Page MenuHomePhabricator

Make plan for counting Global South edits and editors
Closed, ResolvedPublicNov 3 2018

Description

When calculating Global South reading and editing metrics, we treat an unknown location as being in the Global South. This doesn't make a huge difference in active editors (20,000 → 23,000), but it turns out that makes a huge difference in counting non-bot edits (2 M → 9 M).

So when looking at what proportion of total edits come from the Global South, including unknown locations makes it something like 55%! Excluding them makes it a much more reasonable 20%.

Since pageviews are more than half Global South overall, treating unknown as Global South seems reasonable.
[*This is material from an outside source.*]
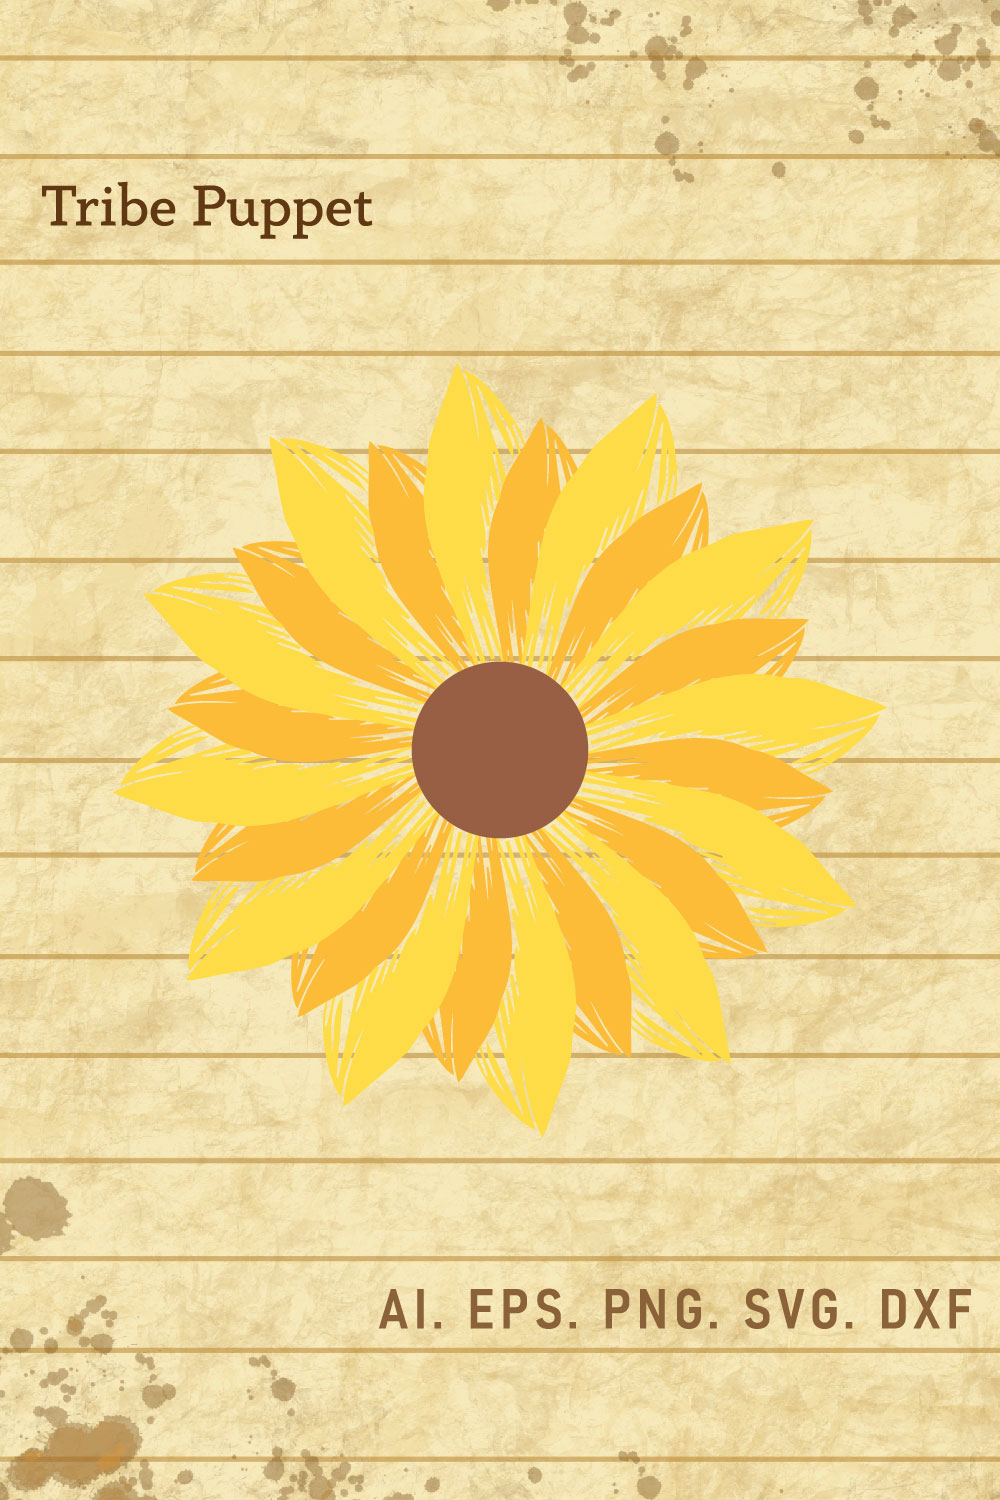 Sunflower 6 pinterest preview image.

However, we're pretty confident that Global South edits are still a fairly small minority, so it's much less reasonable to apply the same approach.

@Tbayer and I need to discuss what to do about this.

Details

Due Date
Nov 3 2018, 1:00 AM

Event Timeline

nshahquinn-wmf changed Due Date from Oct 12 2018, 7:00 AM to Nov 3 2018, 1:00 AM.
nshahquinn-wmf raised the priority of this task from Medium to High.Oct 18 2018, 8:35 PM
nshahquinn-wmf moved this task from Triage to Next Up on the Product-Analytics board.

@Tbayer and I discussed this yesterday and came to the following conclusions:

  • Unknown countries account for roughly:
    • 0.3% of pageviews
    • 0.9% of editors (technically, of (wiki, country, editor) entities)
    • 27% of edits (my estimate in the description was too high)
  • We should investigate the small group of editors that are producing all these unknown-country edits
  • Starting with October board metrics (T206895, etc.), we will treat unknown countries as a third region alongside the Global North and the Global South. I will produce some shared code to help with this.

+1. And to clarify, we haven't yet decided whether we should report all three of these regions separately in the board deck and in https://www.mediawiki.org/wiki/Wikimedia_Audiences (it would amount to adding two new sections, as only GS is listed currently). But in any case we resolved to remove the "unknown" country part from the existing GS metrics.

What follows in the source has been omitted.